Specifically, as shown in fig. 6, in the manufacturing process of the display panel, in addition to the pixel array and the wiring in the display area for displaying the image, the non-display area at the edge of the display panel is provided with the test wiring and some dummy pixels, and the dummy pixels and the test wiring can be used to implement a special pixel architecture design.

In this embodiment, the original wiring in the display panel is used to perform the target differential pressure of the target conductor segment, so that the design can be simplified and the hardware cost can be reduced.

In some embodiments, the controller comprises a constant current source; the constant current source is connected with the target conductor segment and used for providing the constant current for the target conductor segment.

In some embodiments, the controller comprises: a comparator and a processor; the first input end of the comparator is connected with the target voltage difference, the second input end of the comparator is connected with a target reference voltage, and the output end of the comparator is connected with the processor and used for comparing the target voltage difference with the reference voltage to obtain a comparison result; and the processor is used for performing overdrive compensation on the data to be displayed according to the comparison result to obtain new data to be displayed.

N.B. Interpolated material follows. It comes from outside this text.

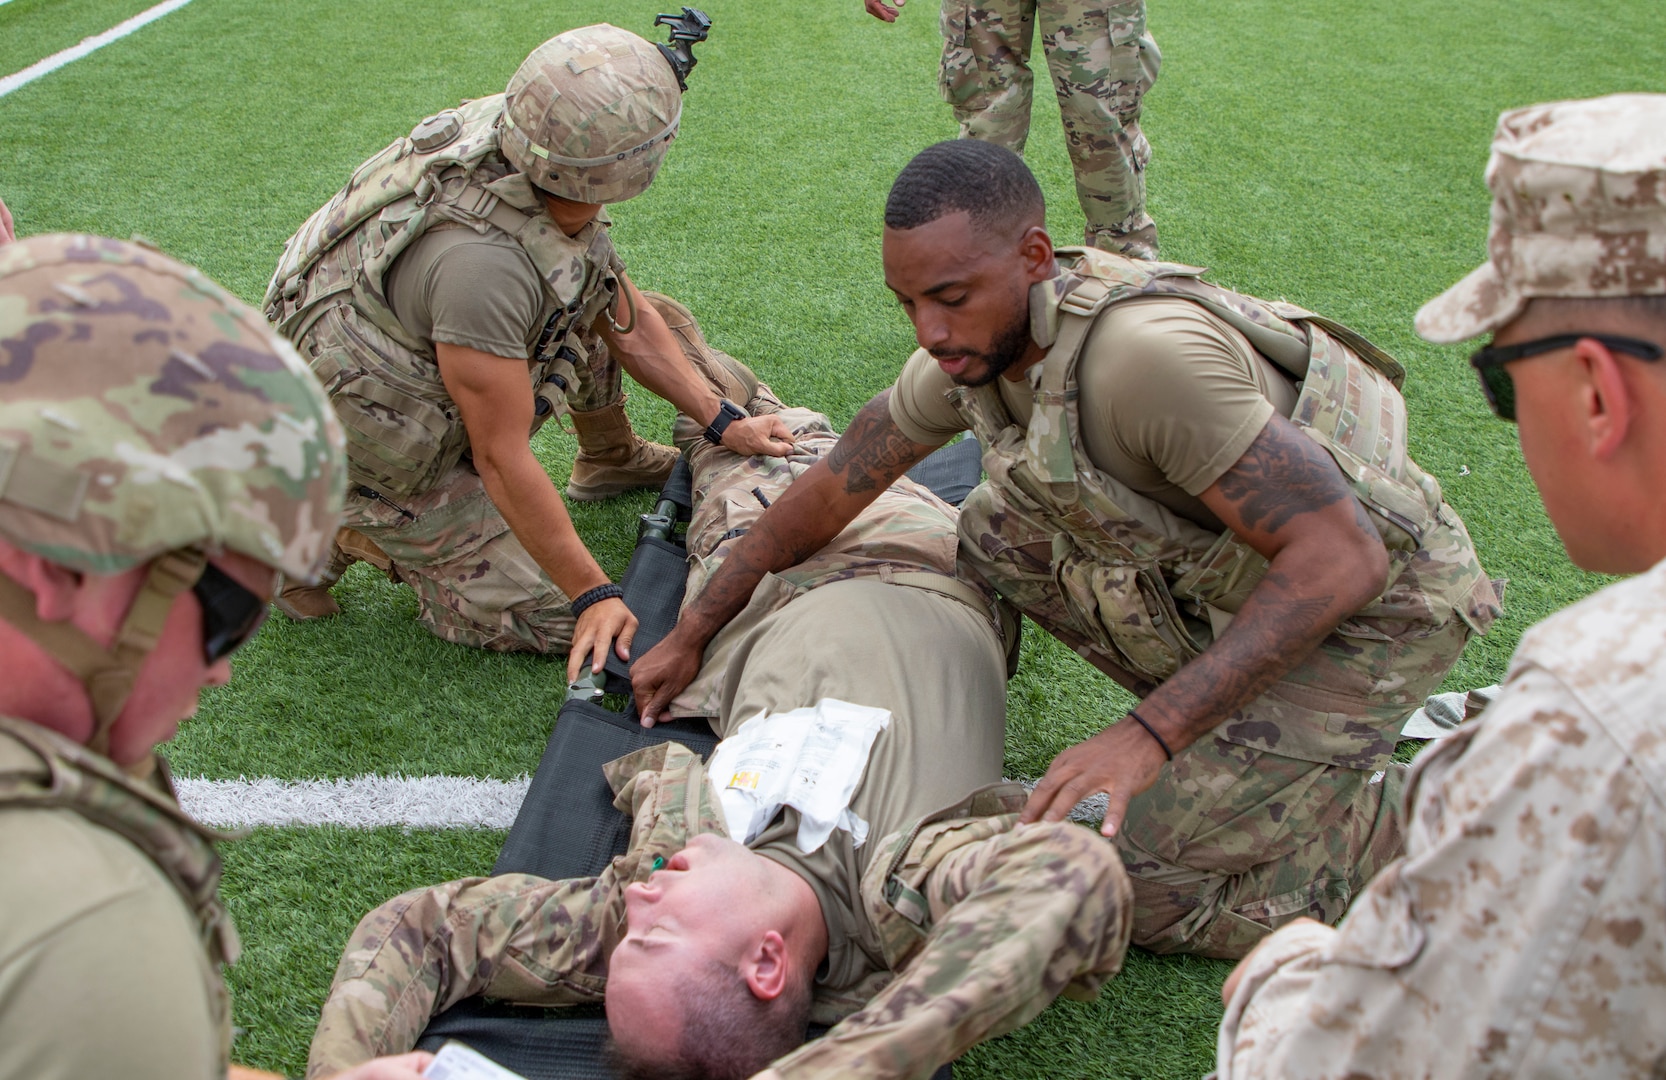 U.S. Army Soldiers roll a simulated casualty onto a litter during the culminating exercise for a Combat Lifesaver Course hosted by combat medics, with 38th Infantry Division, Task Force Spartan, Indiana National Guard, at Joint Training Center-Jordan Oct. 16, 2019.
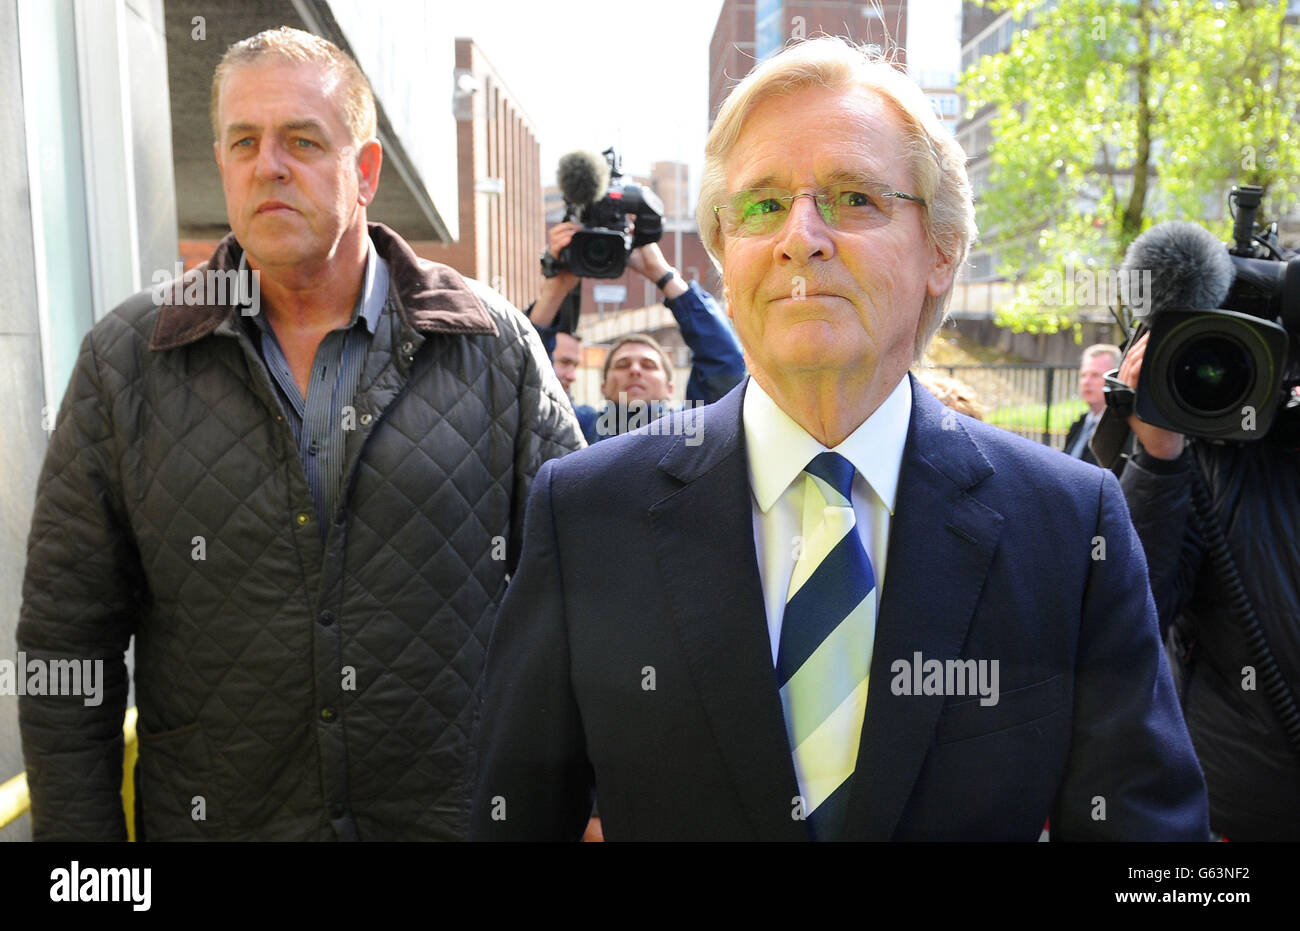 Coronation Street actor Bill Roache arrives at Preston Magistrates' Court where he is accused of raping a 15-year-old girl. Stock Photo

For example, as shown in fig. 7, the constant current source Is configured to provide a constant current for a target wire segment 2601 in the display 260, the target wire segment 2601 generates a target voltage difference V under the action of the constant current, V Is input to a first input end of the comparator 2501, a reference voltage Vref Is input to a second input end of the comparator 2501, comparison Is performed by the comparator 2501 to obtain a comparison result Vc, Vc Is input to the processor 2502, the processor 2502 performs overdrive compensation on data to be displayed according to Vc to obtain new data to be displayed, and the display 260 displays the new data to be displayed, thereby improving a display effect and avoiding an influence of temperature.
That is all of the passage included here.